Provided data:
((
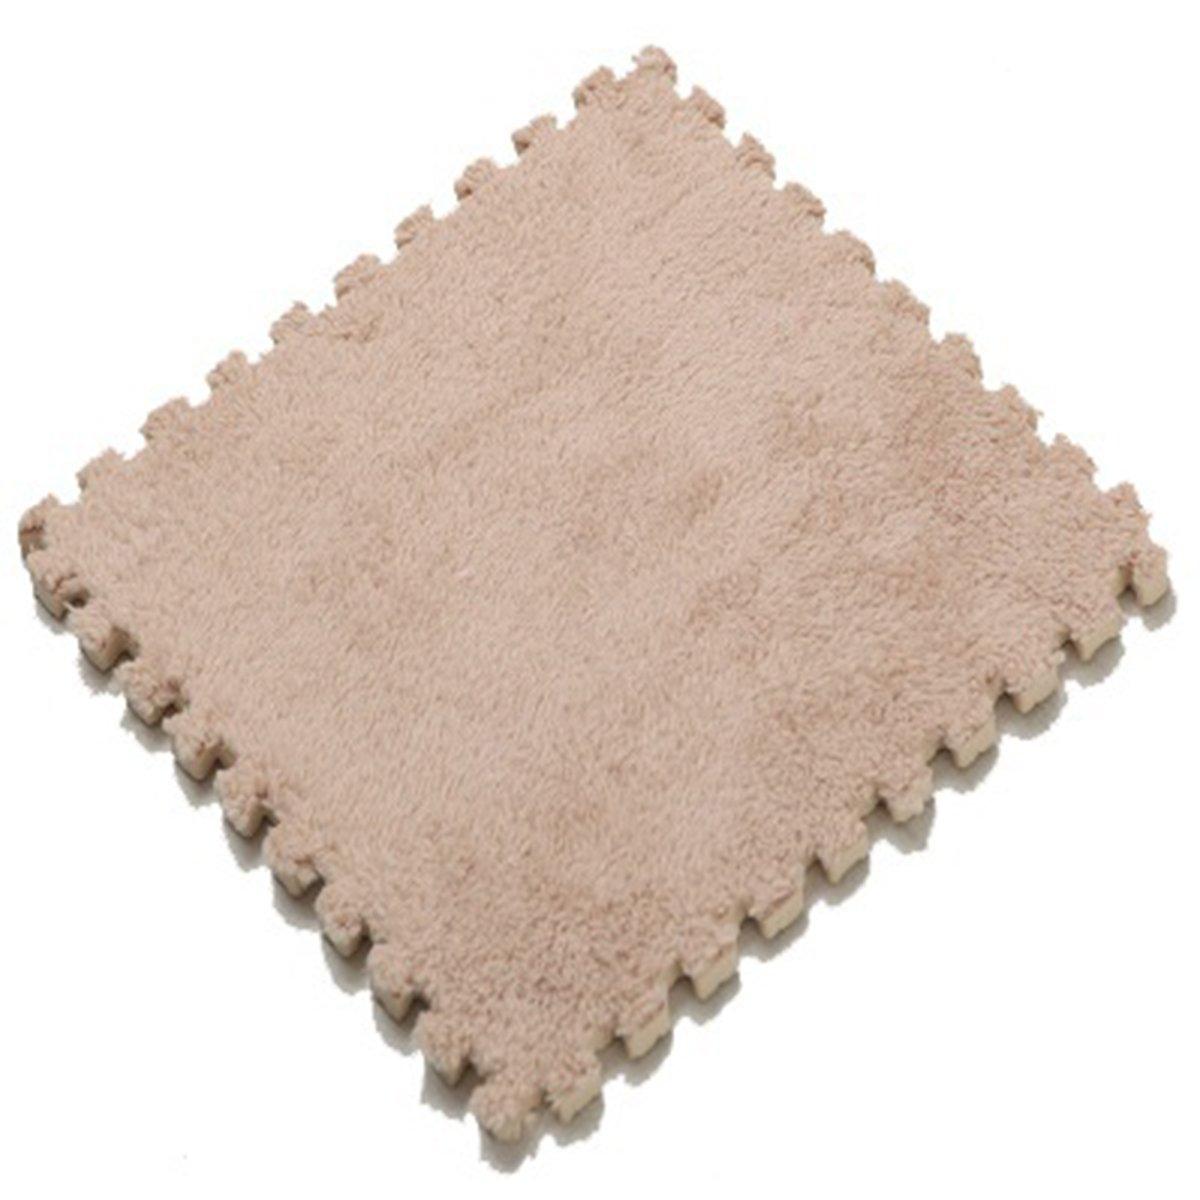 Furry Plush Eva Foam Anti-slip & Durable Carpet Rug Soft Cushion Mats - Set of 9 Tiles(12x12 inches)-Ideal for Nursery Decor,Playroom & Kids Baby Room (Light brown)
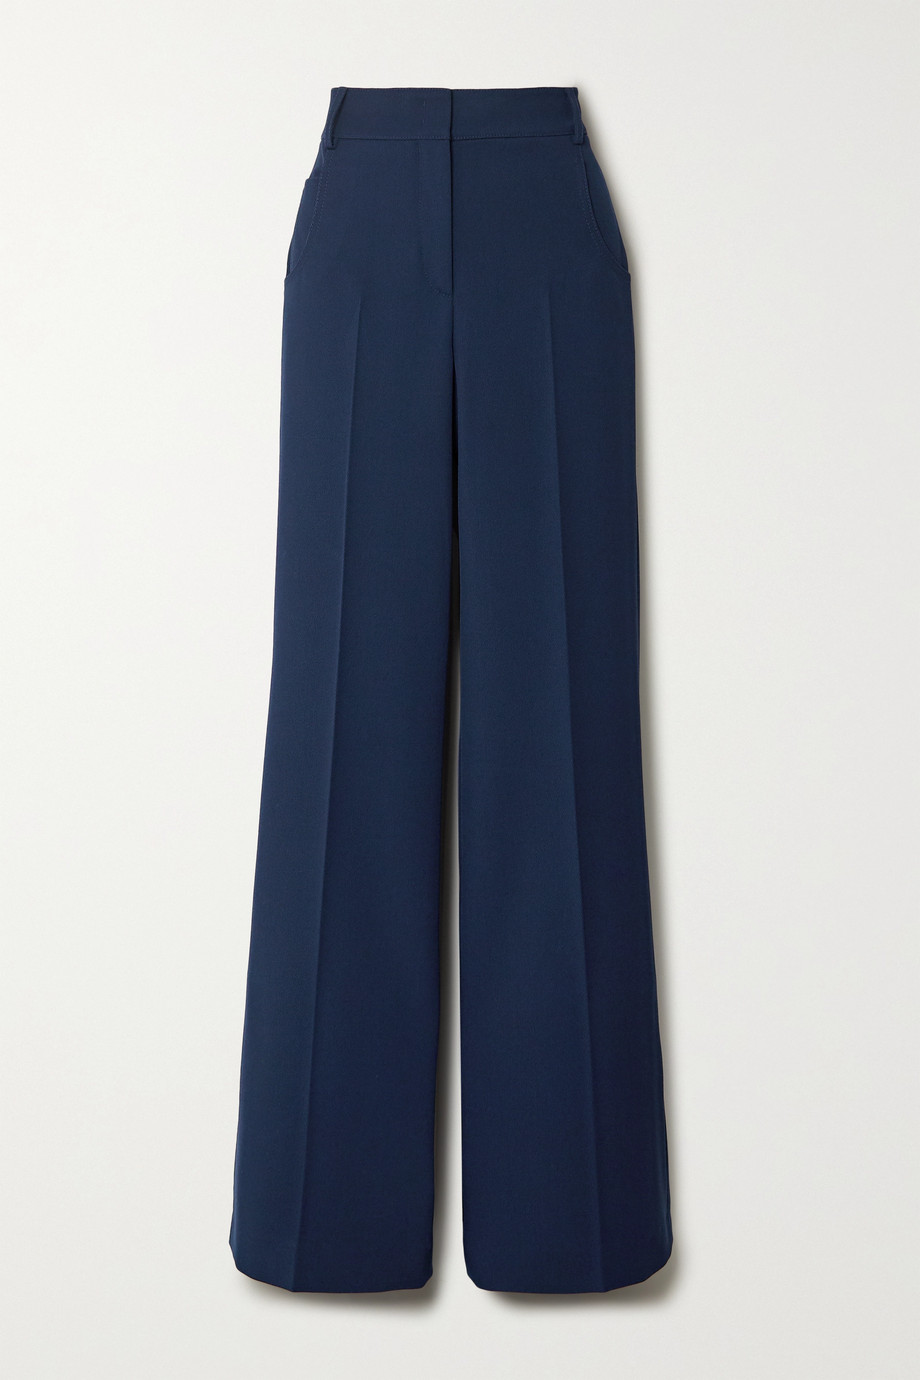 Akris Floyd wool-twill wide-leg pants
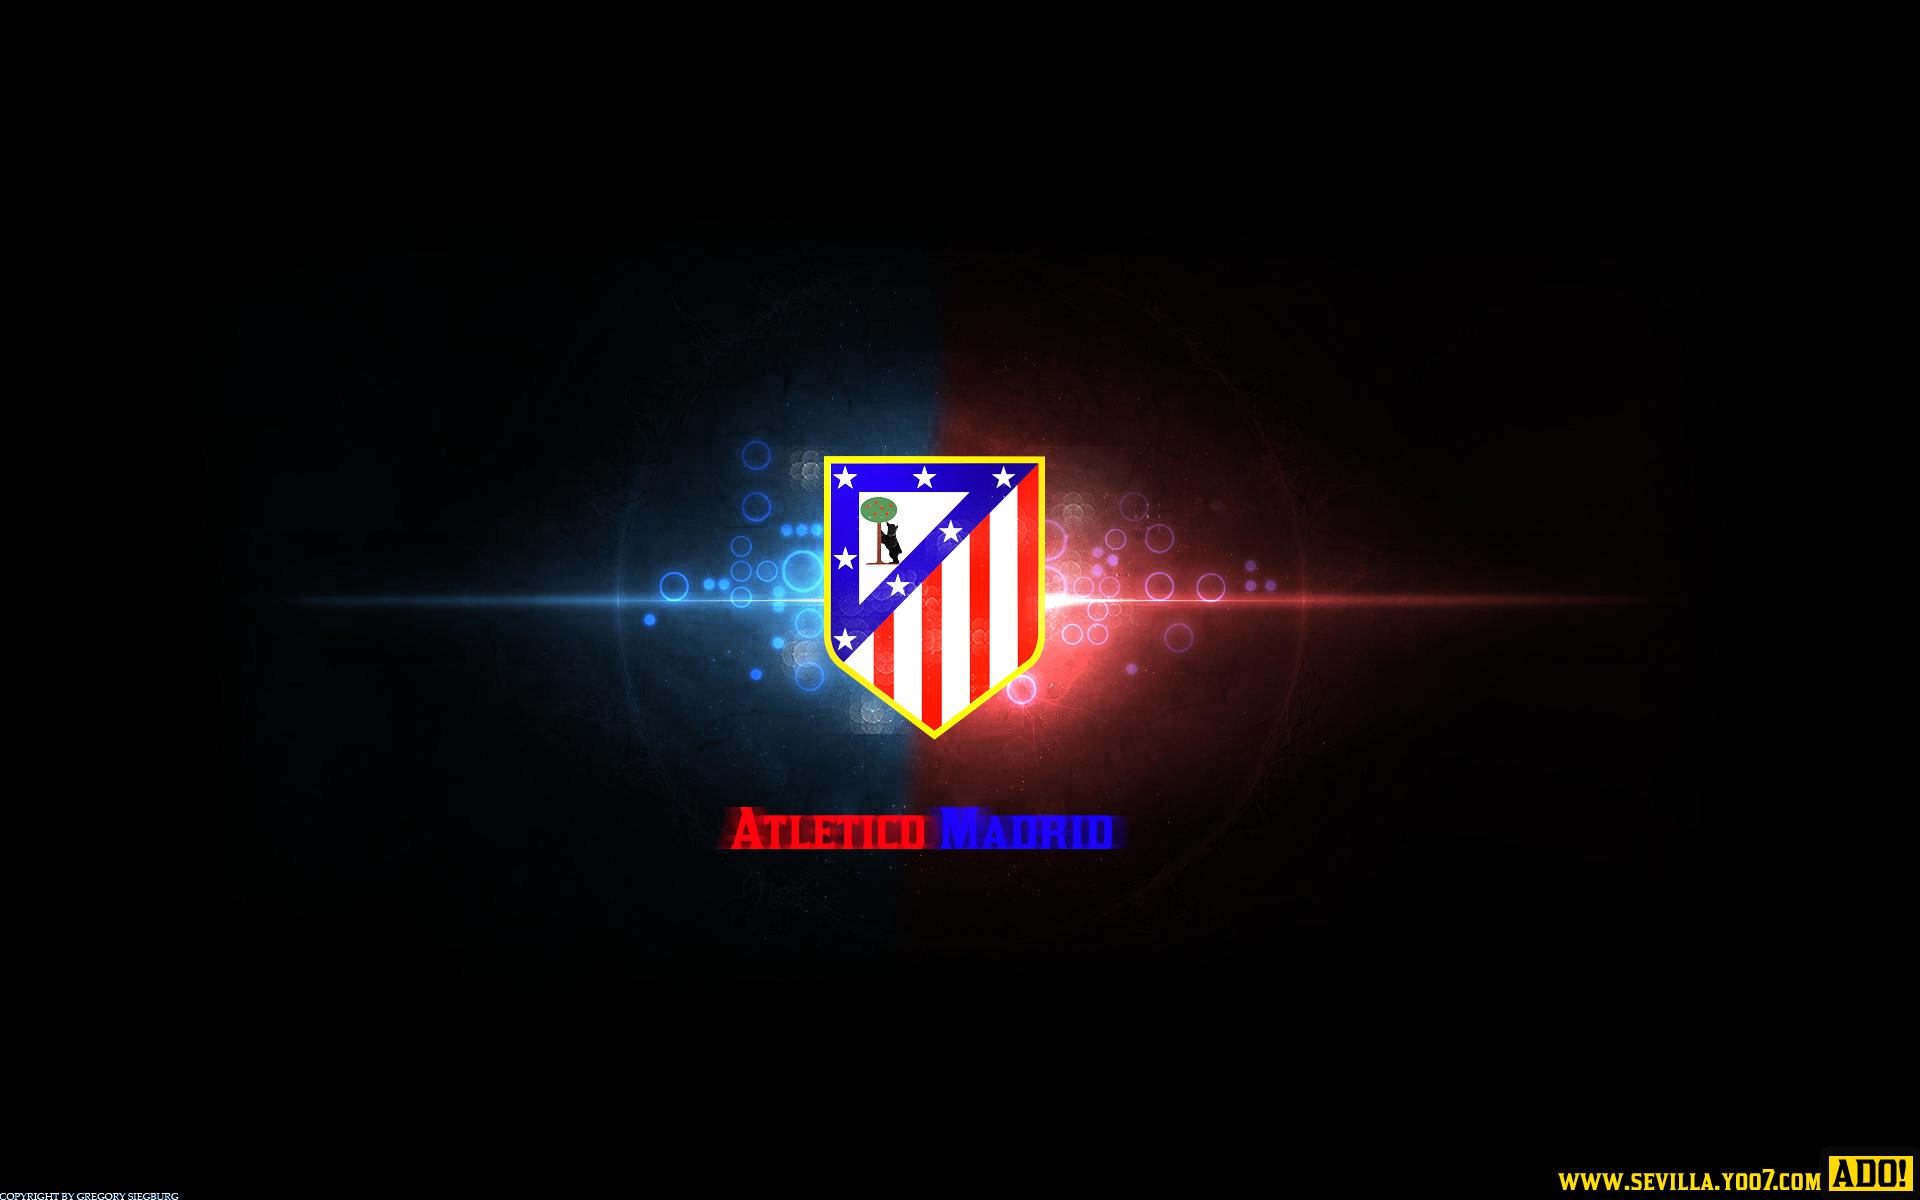 Atletico Madrid Wallpaper 1920x1200
))
What to do:
The whole listing above is to be printed again exactly; pictures stay out of it.

Answer to this task:
 Furry Plush Eva Foam Anti-slip & Durable Carpet Rug Soft Cushion Mats - Set of 9 Tiles(12x12 inches)-Ideal for Nursery Decor,Playroom & Kids Baby Room (Light brown)
 Akris Floyd wool-twill wide-leg pants
 Atletico Madrid Wallpaper 1920x1200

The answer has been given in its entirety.